Ok that being said if bigger tires show less mileage on the od then it would be saying im getting less then what I'm really getting on the dash like a lot less but if you go to trip on the dash it tells you how many gallons of gas you have burned on that trip it says I burned 6.3 gallons since I've had the truck I went to top off the tank and it took 6.7 gallons to top off so it is very close I am going to reset it and see on my next top off if I burn 5 gallons of gas and I go to the gas station and put 5.3 5.4 I'd say its very close give or take a 1/2 a gallon which means it must be reading off the tank so if I'm at an average of 17 mpg give or take it would be 16.5 to 17 mpg is what in getting unless my whole system is messed up guess ill just go see if I can get the aftermarket lead foot so I can get the mpg everybody else is getting:/


----------



## coup de grace (Aug 7, 2010)

Very nice trucks, congrats big time.:texasflag


----------



## Fordzilla06 (Oct 14, 2010)

gunsmoke11 said:


> Ok that being said if bigger tires show less mileage on the od then it would be saying im getting less then what I'm really getting on the dash like a lot less but if you go to trip on the dash it tells you how many gallons of gas you have burned on that trip it says I burned 6.3 gallons since I've had the truck I went to top off the tank and it took 6.7 gallons to top off so it is very close I am going to reset it and see on my next top off if I burn 5 gallons of gas and I go to the gas station and put 5.3 5.4 I'd say its very close give or take a 1/2 a gallon which means it must be reading off the tank so if I'm at an average of 17 mpg give or take it would be 16.5 to 17 mpg is what in getting unless my whole system is messed up guess ill just go see if I can get the aftermarket lead foot so I can get the mpg everybody else is getting:/


If you've got 35's on that truck i guarantee your speedo/odo is off. This is how you need to figure it. Next time you're on the highway measure in between mile markers. They are every mile, the little green signs with numbers on them. When you pass one, watch your odometer, when you get to the next one, I.e. 1 mile check your odometer and see if it is one mile. On my truck I run one mile and my odometer says I have run .9 of a mile. So I get ten percent more miles than my truck is telling me I get. Now if my tripometer tells me I have run 300 miles I have actually run 330 miles. Now I fill up at the filling station and the pump tells me I have put in 20 gallons, it's imperative that you fill up every time and go by the gas pump, not by what your truck computer is telling you. Ok so if you're still with me I'll recap, I have now run 330 miles on 20 gallons of fuel. I now take 330 and divide by 20 gallons of fuel and I come up with 16.5 actual (not computer generated) miles per gallon. So yes it is possible that you are getting better than 17mpg, highly doubtfull, but if you calculate it like that you will come up with your actual mpg, let us know how it turns out?


----------



## rgregg08 (Jun 3, 2011)

if your getting 17 mpg's in town that is really impressive and congrats. My good buddy has one lifted 6 inches on 35's with 20's and he is around 12-14 mpgs on the most optimal of condition days (inside the loop houston). I had the same truck but stock and i never saw anything better than 15 in town (inside the loop houston as well). Best mpgs i had was 20 mpg going 70 with cruise control on the highway. Towing an 18ft shallow sport it never topped 10 mpg going normal highway towing speeds. its a sweet truck i will give you that especially if you have all the bells and whistle to go with your lift and tires but its not the magical gas sipping truck ford portrays it to be. ECO-BUST....

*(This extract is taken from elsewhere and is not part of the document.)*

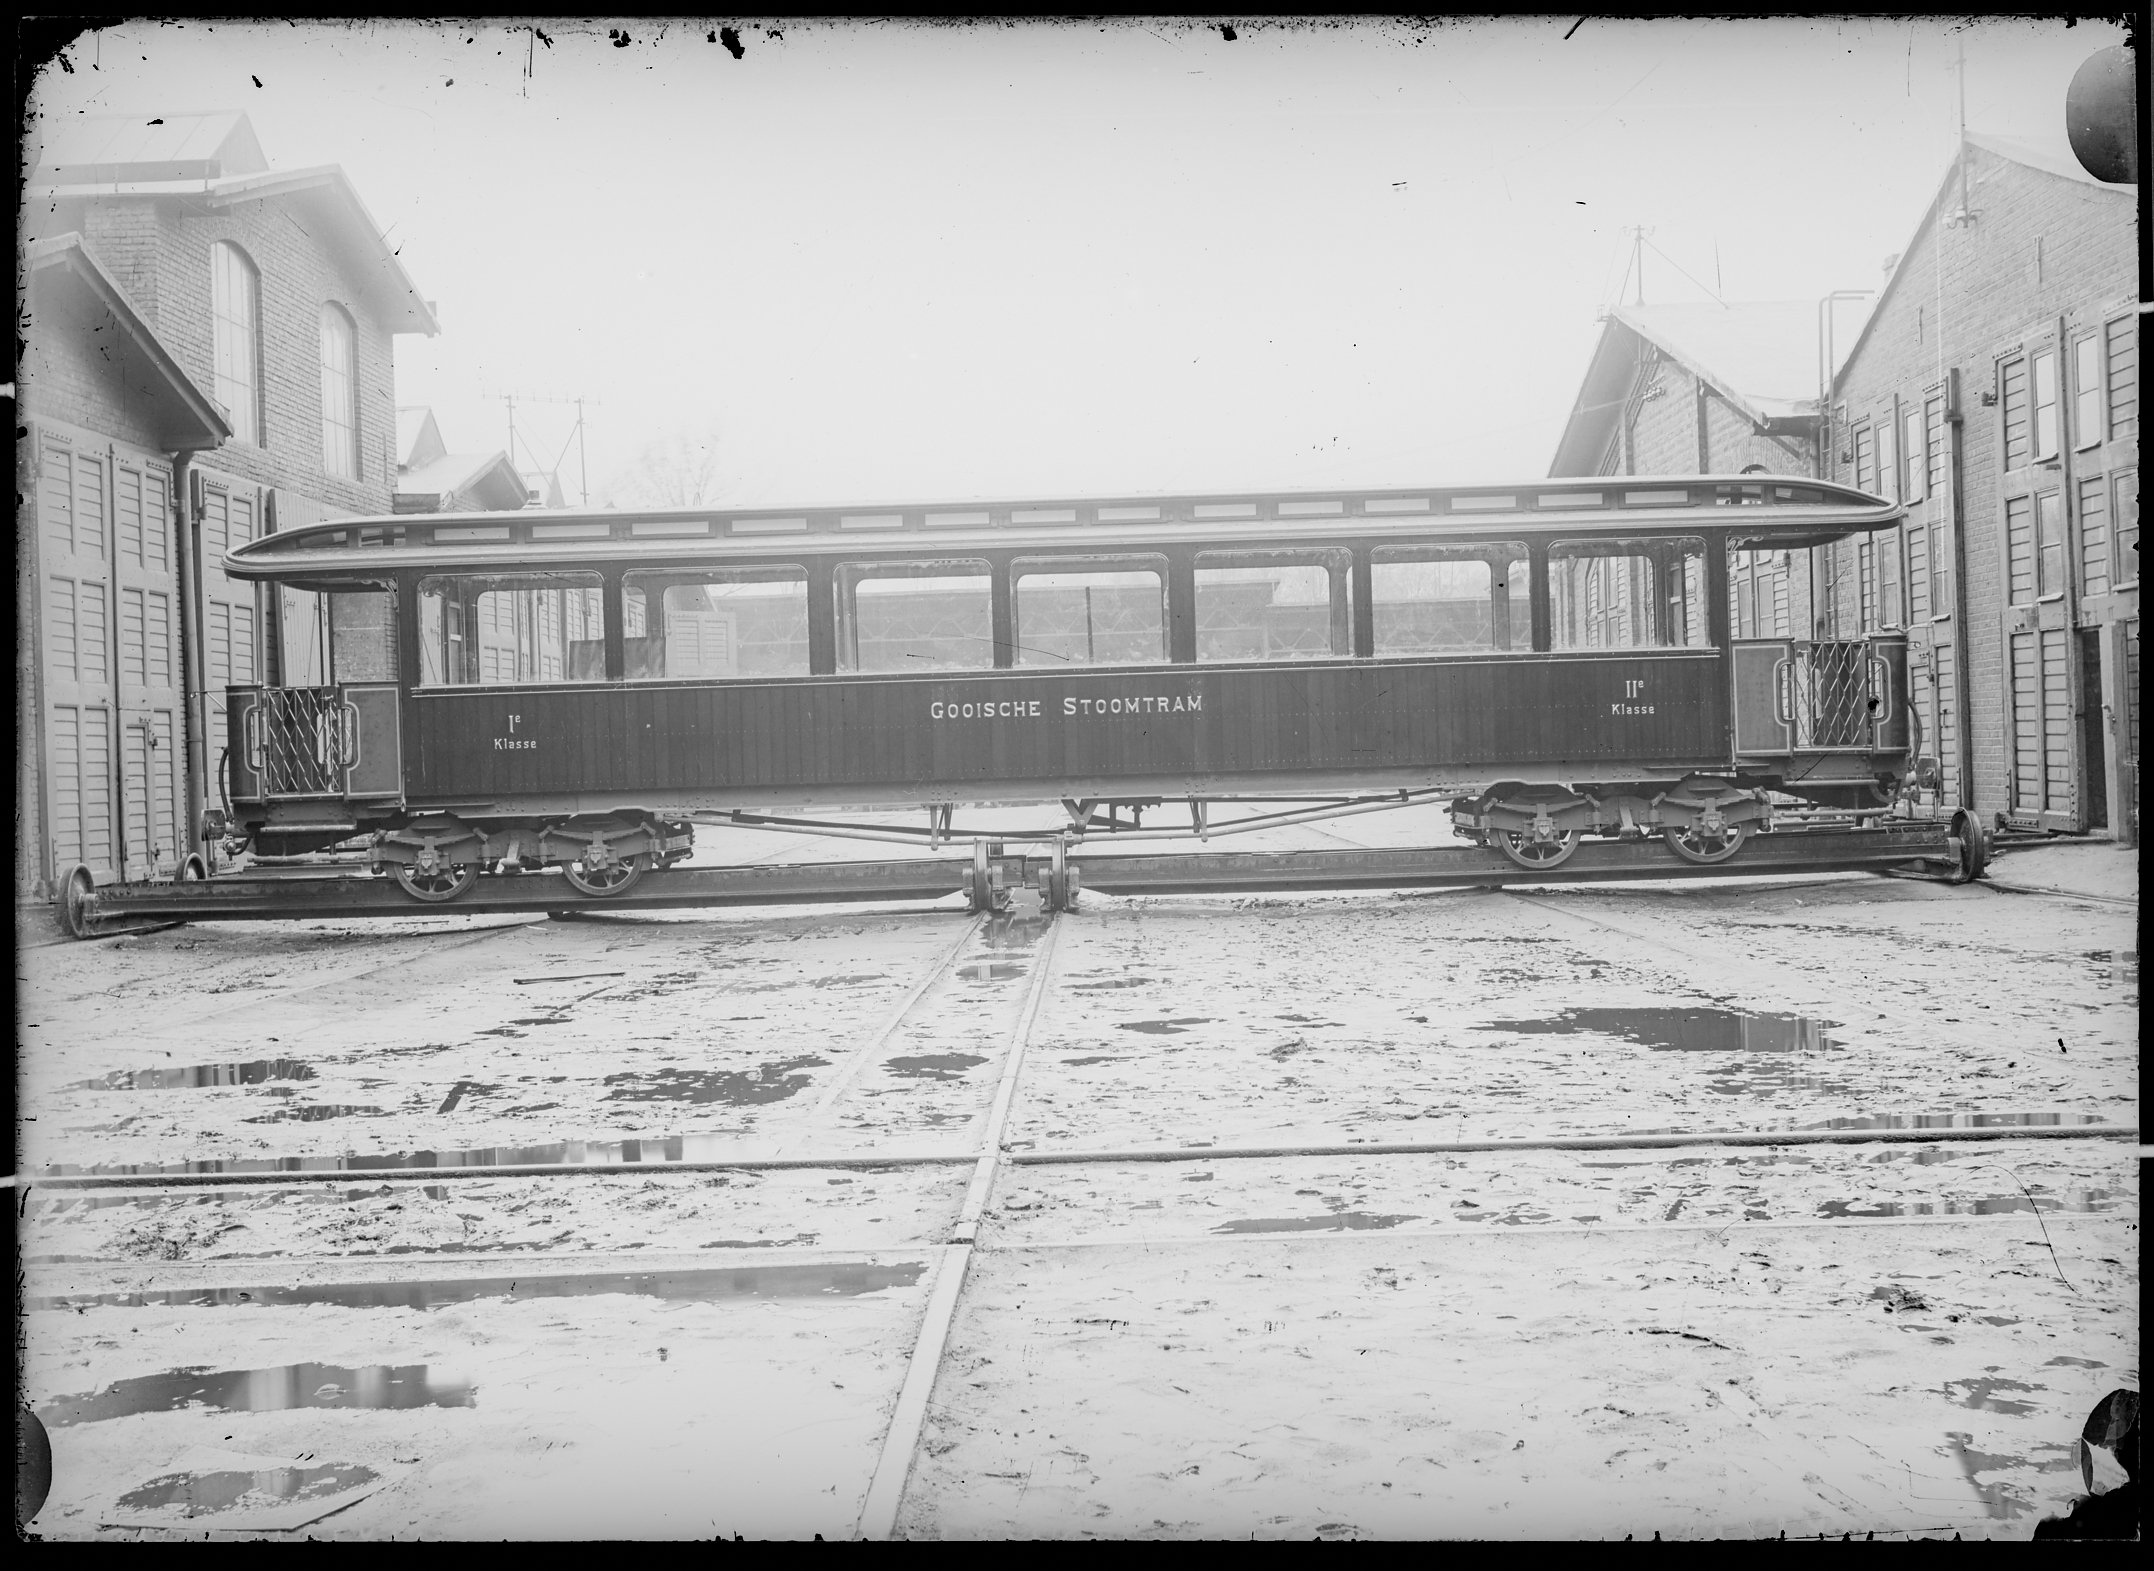 Fotografie: vierachsiger Durchgangswagen erster/zweiter Klasse, Gattung AB4i (Längsansicht), ohne Inneneinrichtung, 1904. Gooische Stoomtram, Amsterda (Verkehrsmuseum Dresden CC BY-NC-SA)

Now lets see this lifted beast already!!!


----------



## gunsmoke11 (Apr 30, 2012)

rgregg08 said:


> if your getting 17 mpg's in town that is really impressive and congrats. My good buddy has one lifted 6 inches on 35's with 20's and he is around 12-14 mpgs on the most optimal of condition days (inside the loop houston). I had the same truck but stock and i never saw anything better than 15 in town (inside the loop houston as well). Best mpgs i had was 20 mpg going 70 with cruise control on the highway. Towing an 18ft shallow sport it never topped 10 mpg going normal highway towing speeds. its a sweet truck i will give you that especially if you have all the bells and whistle to go with your lift and tires but its not the magical gas sipping truck ford portrays it to be. ECO-BUST....
> 
> Now lets see this lifted beast already!!!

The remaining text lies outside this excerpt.